**How to complete this task**
When you write out the listing, keep each word exactly as it stands but include none of its images.

**Provided data**
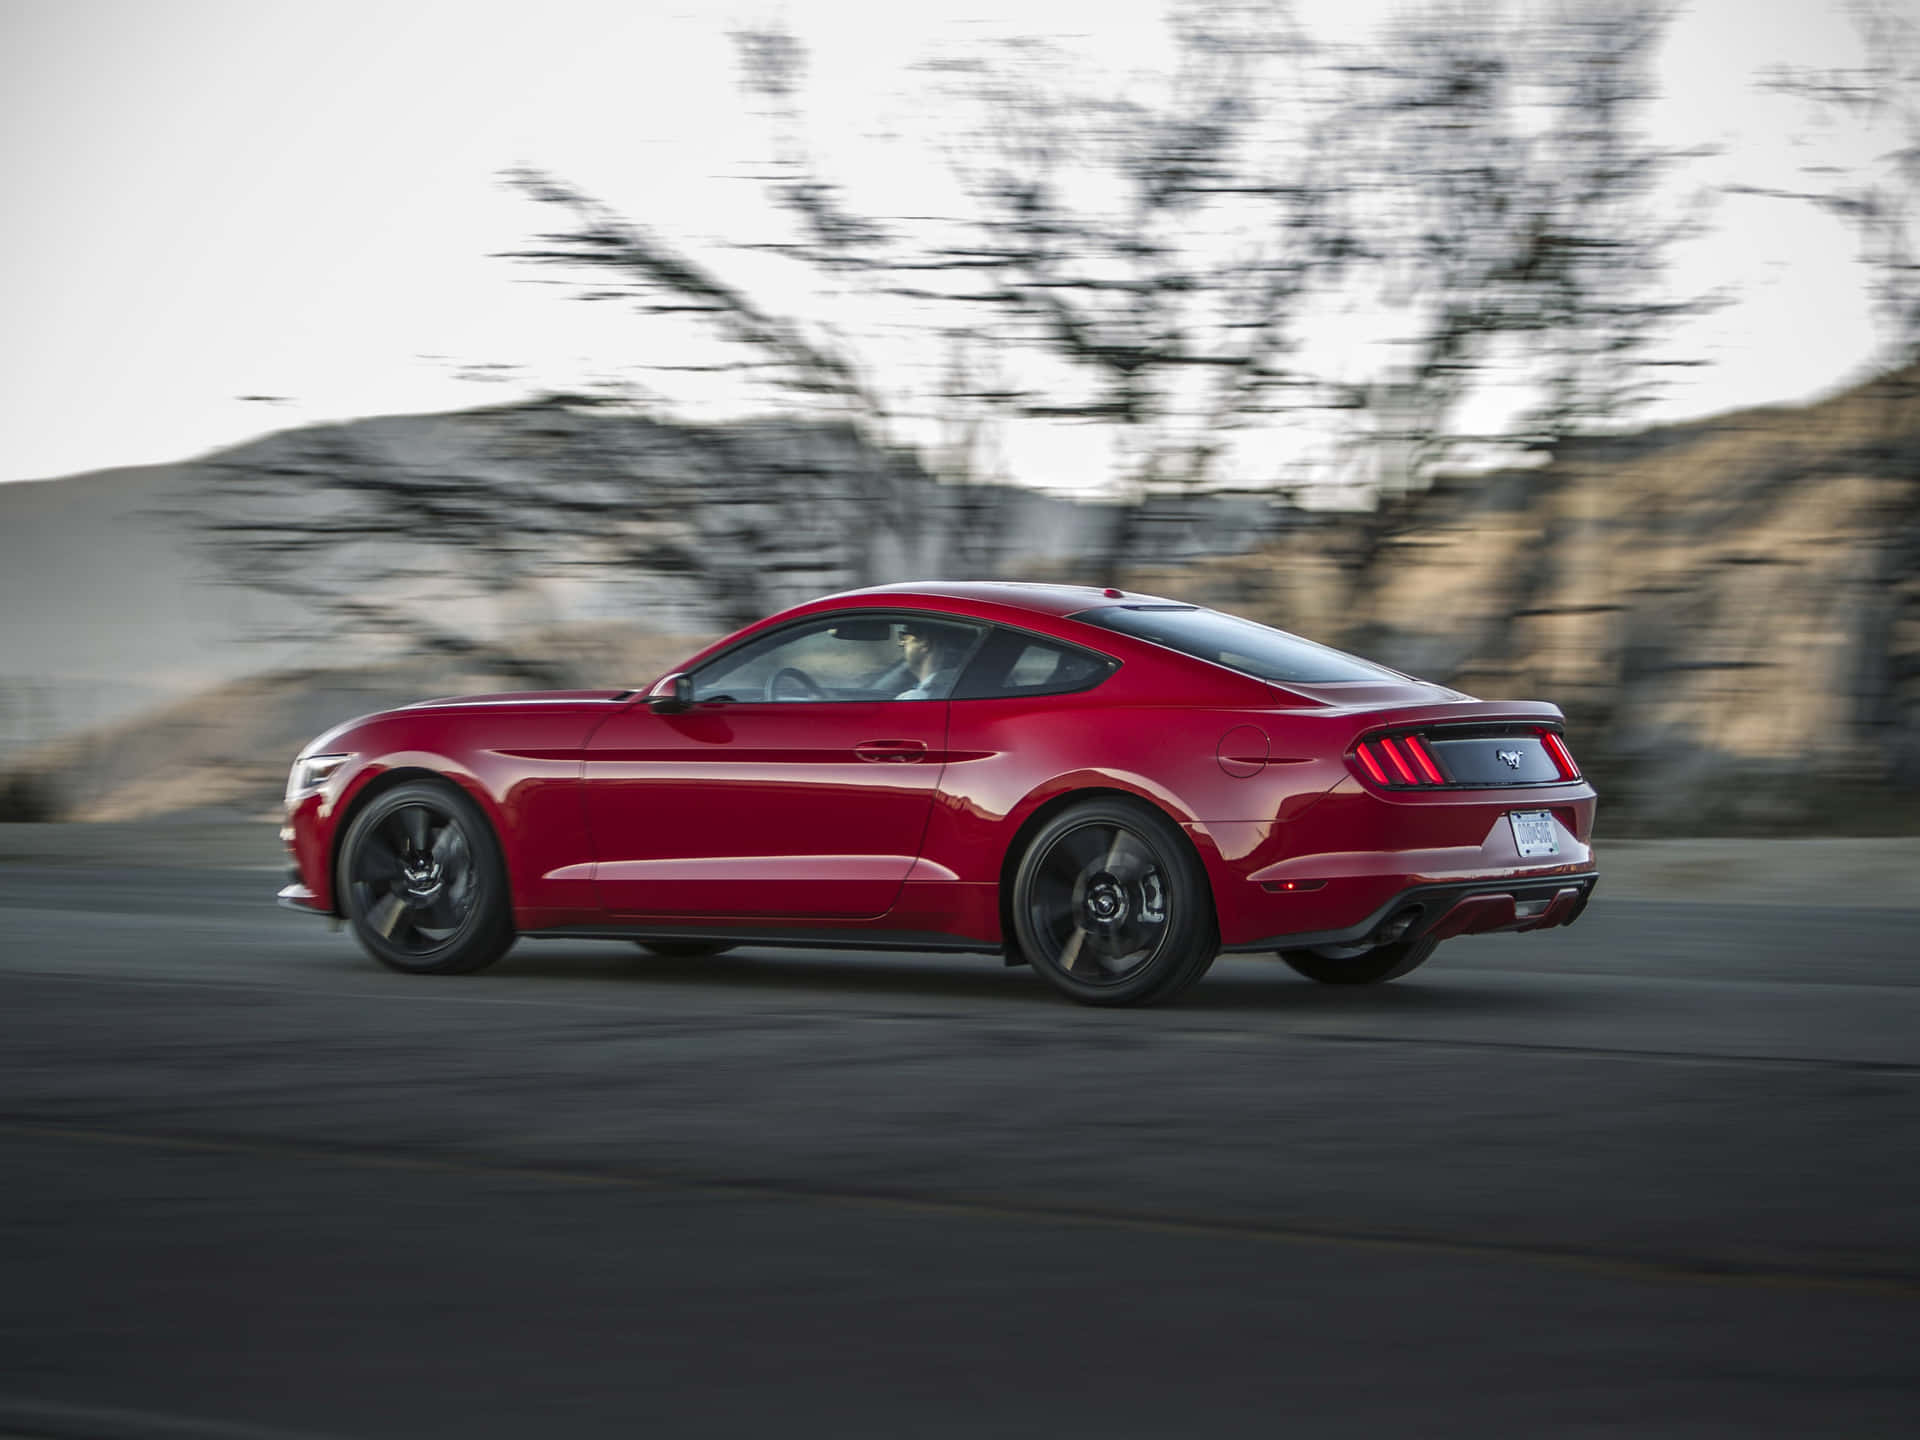 Sleek and Powerful Ford Mustang Ecoboost on the Road Wallpaper
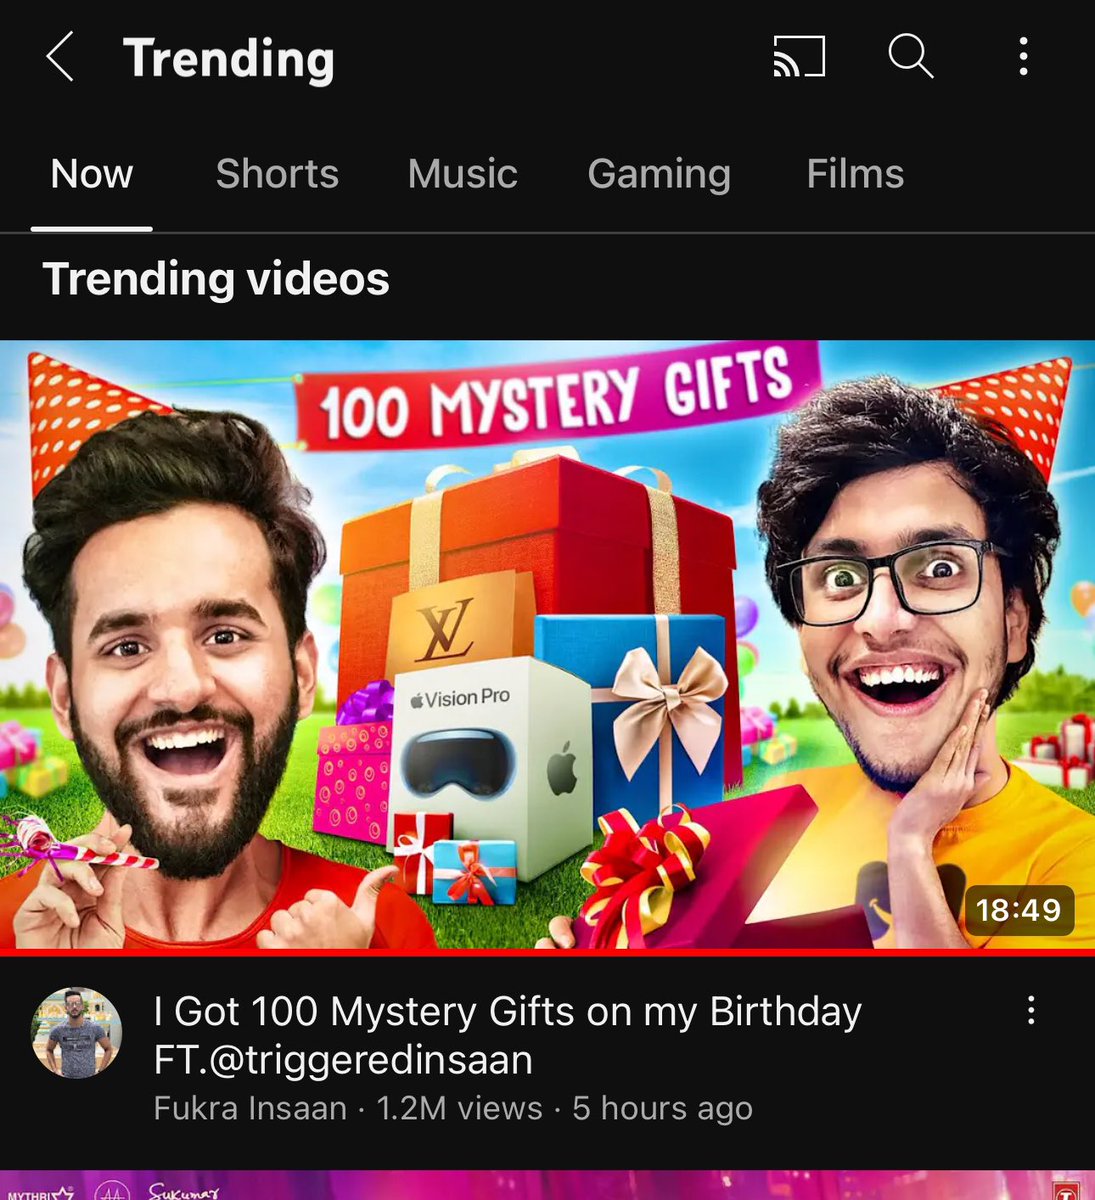 This video is on fire 🔥 TRENDING 1🚀🚀 Do not miss this one💰♥️
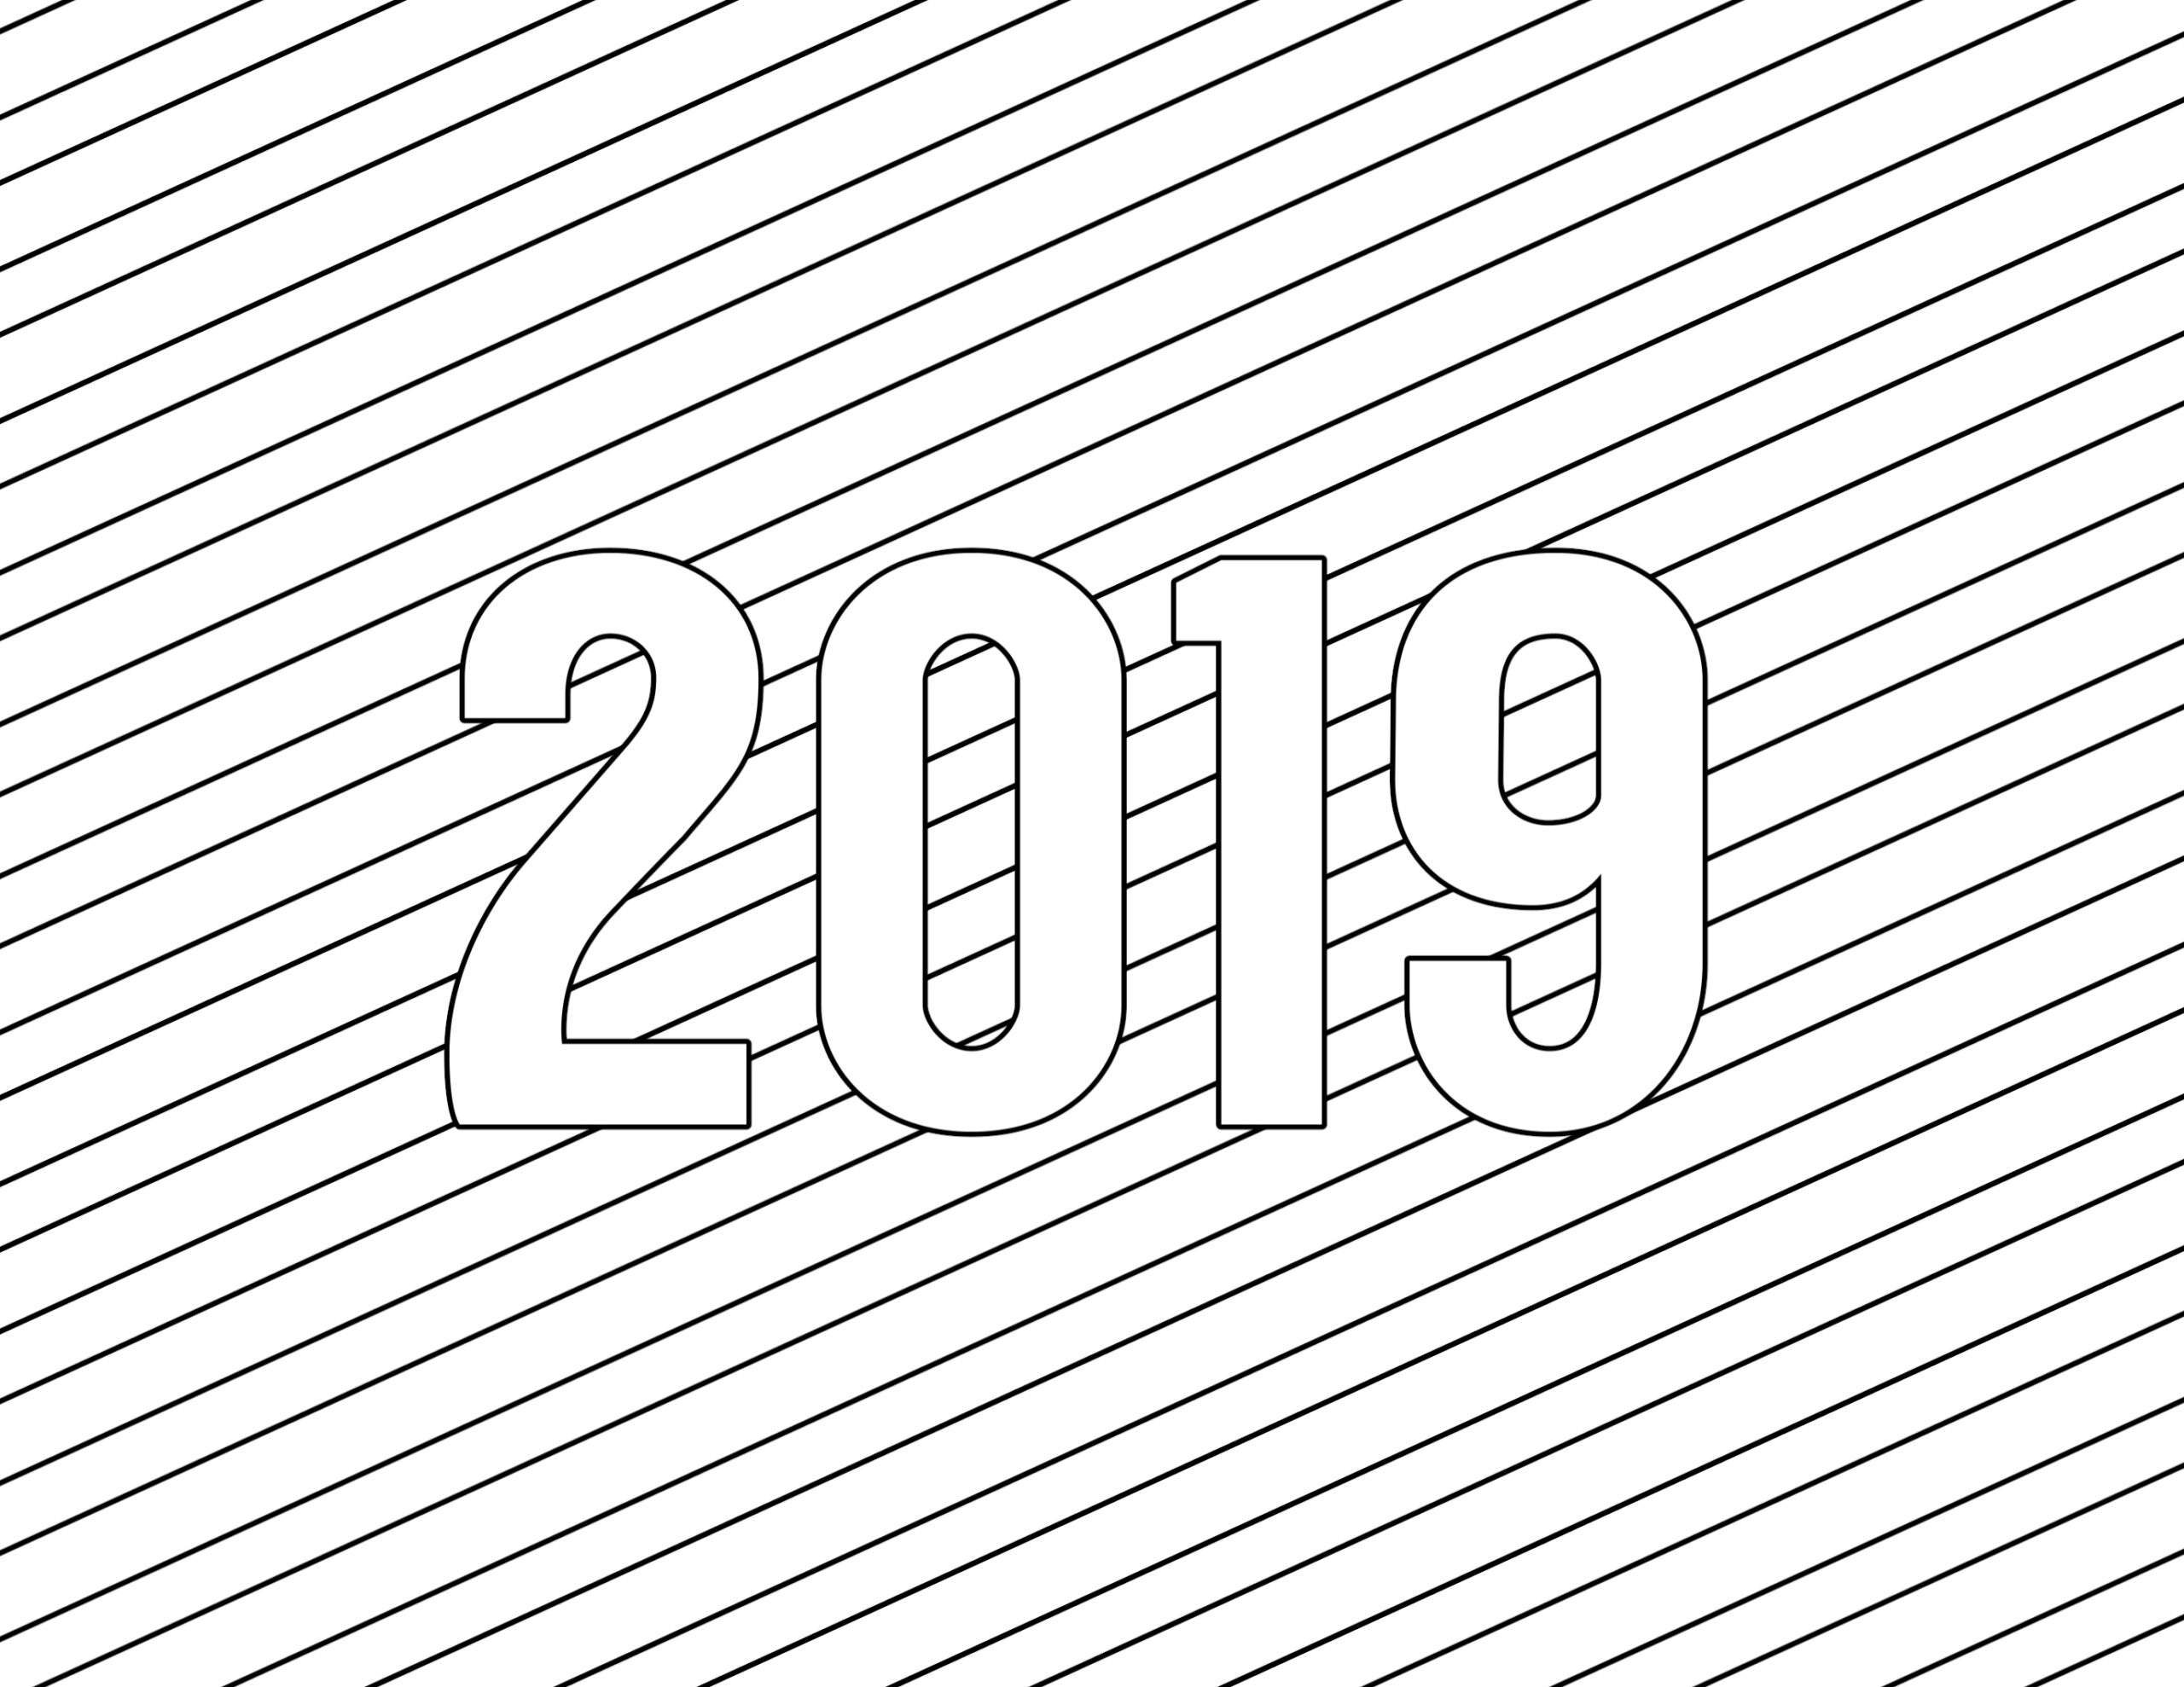 Happy New Year Coloring Pages Free Printable - Paper Trail Design - Free Printable 2018 New Years Coloring Pages

**Solved exercise**
 Sleek and Powerful Ford Mustang Ecoboost on the Road Wallpaper
 This video is on fire 🔥 TRENDING 1🚀🚀 Do not miss this one💰♥️
 Happy New Year Coloring Pages Free Printable - Paper Trail Design - Free Printable 2018 New Years Coloring Pages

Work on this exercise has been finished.